Apparently, the study of consumer preferences, known as propensity to consume, becomes important. Through machine learning, it can effectively improve this problem. I personally is a online shopping lover, so I was attracted by the topic of using computer knowledges to predict online shoppers purchasing intention. Through learning, I used a supervised learning two-class classification ML model and by inserting data into it, successively predicted the results. The dataset provided in this research comes from year-long consecutive surveys based on typical products of online shoppers, which consists of 10 numerical and 8 categorical attributes (informational, bounce rates, page values). We will use the first 17 features to predict whether Revenue is true or false. However, the data set is unbalanced so it is quite challenging since it need process and ways to get the best result. In the following paragraphs, I will explain why and the solutions to solve the problem. After being primarily organized by official statistics, it was shown visibly as a table formation, which audience can effortlessly acquire effective information. By inserting the data given, the model can predict whether a shopper will purchase an item or not. Therefor makes it more effective to produce recommended products for each consumer.
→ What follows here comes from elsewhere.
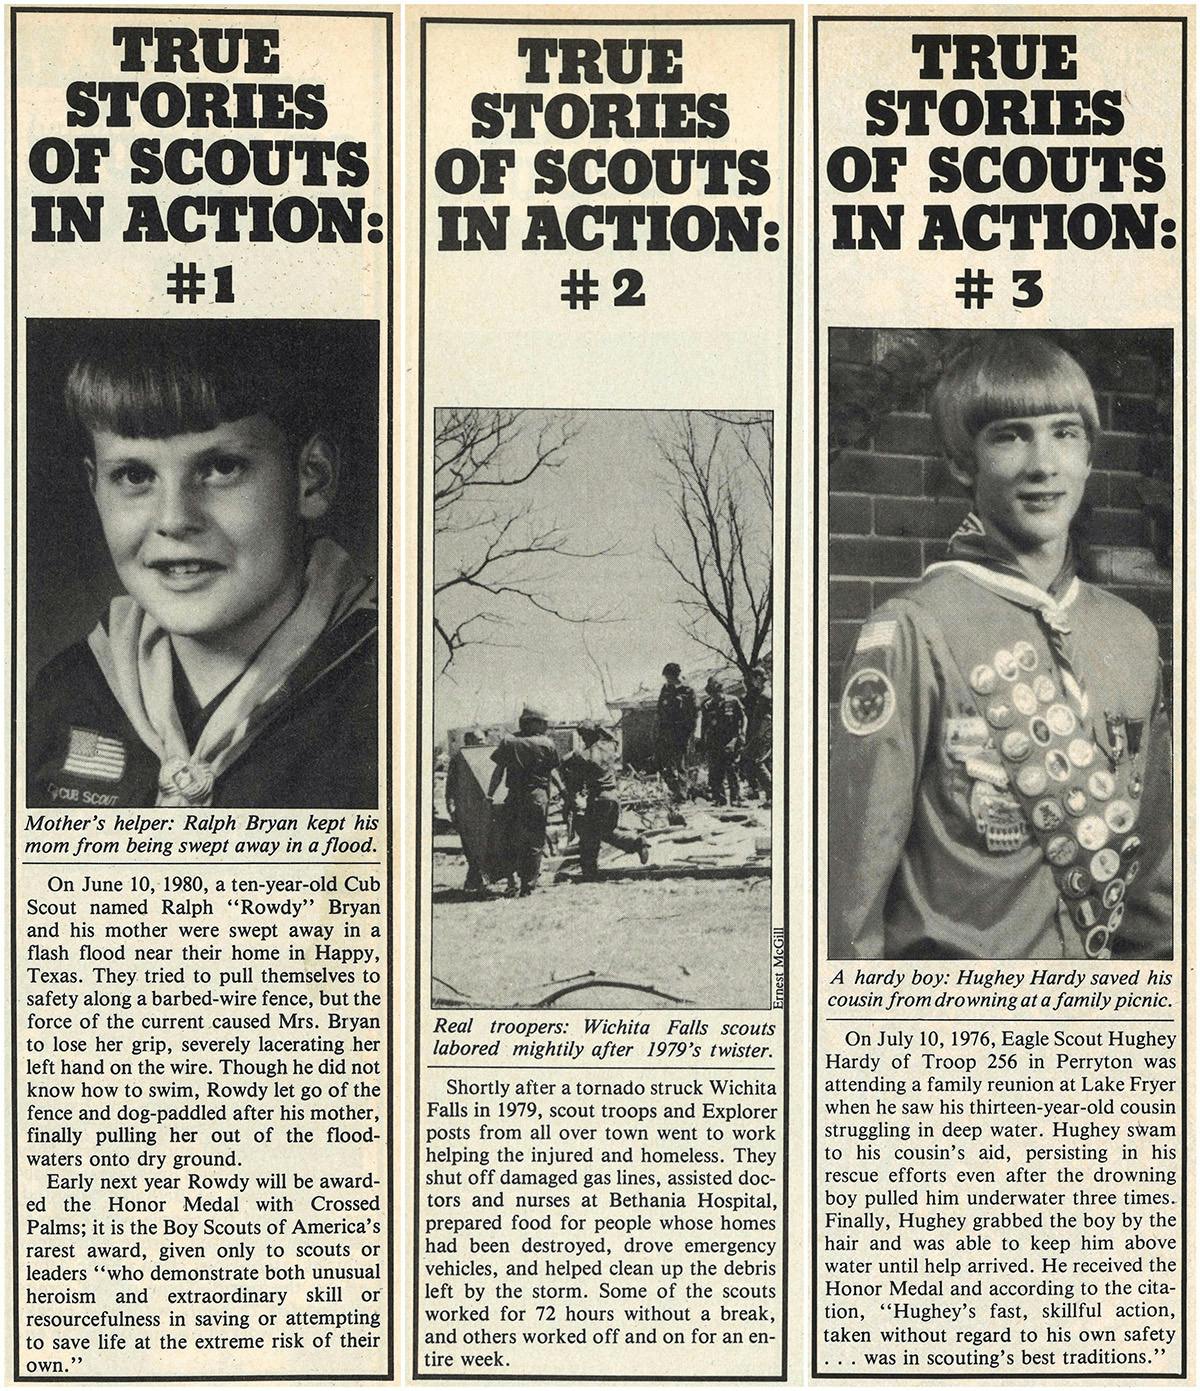 Newspaper clippings of "scouts in action" stories. 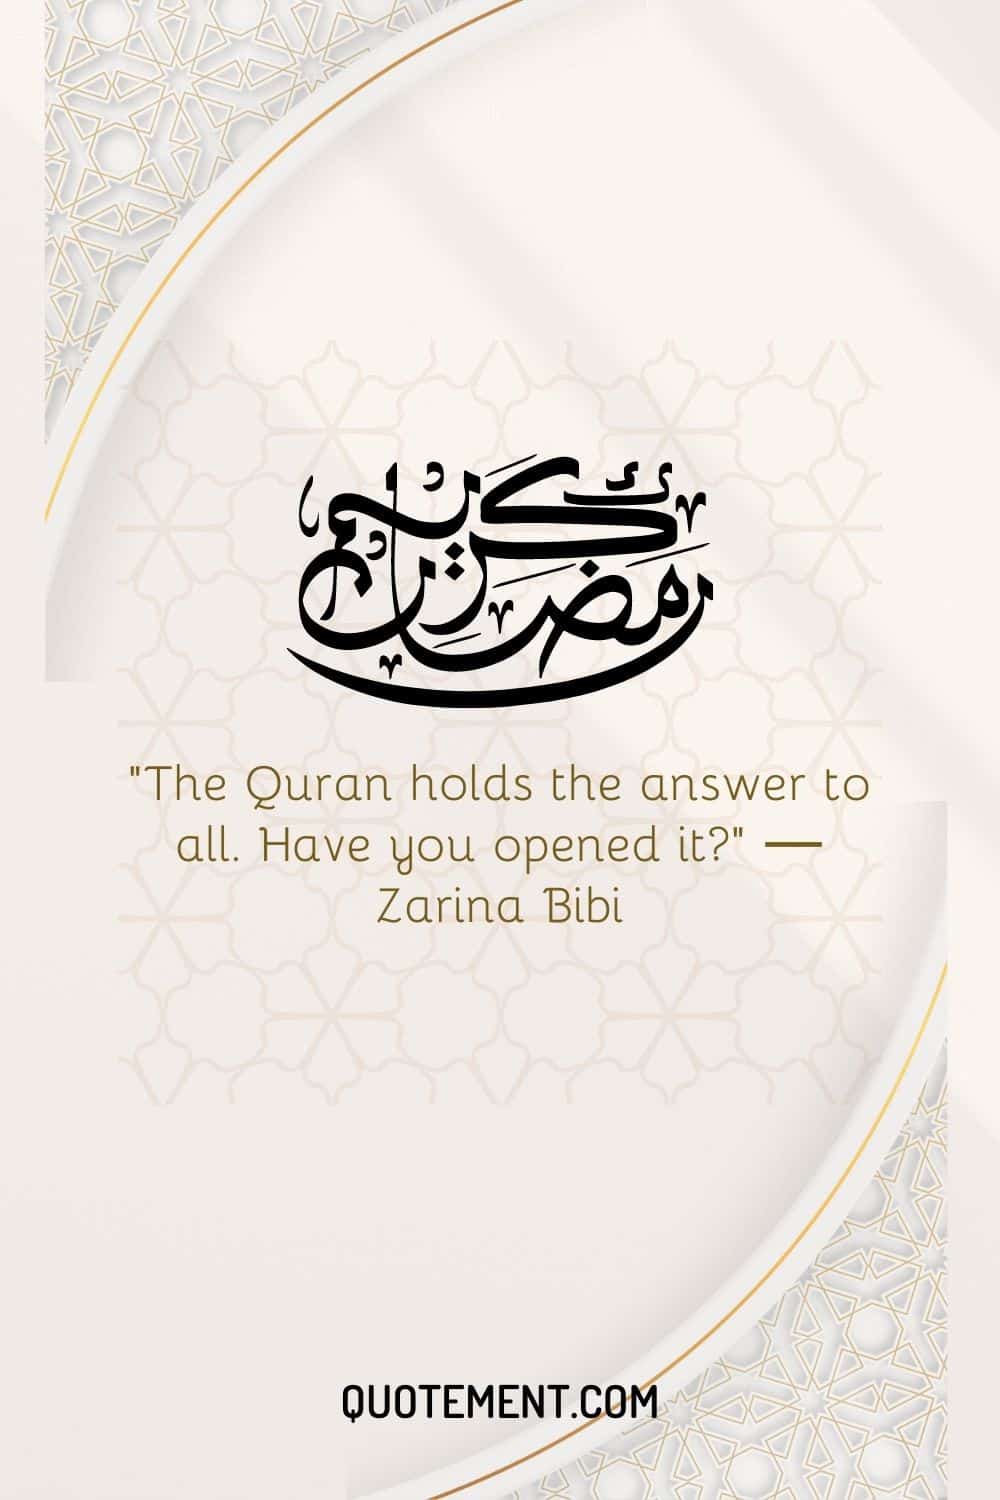 The Quran holds the answer to all. Have you opened it

Data preprocessing and visualization are important programs after obtaining data, it typically includes data cleaning, encoding, separating, and feature scaling. For usual collected data, there is a large probability to contain missing or extreme values, then errors may occur when calculating final result. This process provides advantages and set up preparations for the analysis part following up. Also, by visualizing the data through visualization, contributes a quicker and clearer correlation than just simple text, the overall operation of the product has a significant effect.

General ML Pipeline

When we make predictions, we must use some measures to evaluate the results provide by the model. For example, we can use confusion matrices. The probability of partial correct classification can be analyzed in detail. If two classification models are used, the first phase inserts the dataset into the model. Then following analysis will gives results and evaluation indicators that can determine whether or not to make an informed decision. The study of ML is of great significance, while the imbalance of the data set is mainly deficiency which brings great challenges to the prediction. It can be solved by adding new metrics to the model to improve accuracy. There are many kinds of charts, static and dynamic, each of these charts is very intuitive and some are even colorful. Each type of chart has its own advantages. For instance, a bar chart is more likely to show the overall distribution and the difference between the highest and lowest points, while a line graph is more likely to show the overall trend.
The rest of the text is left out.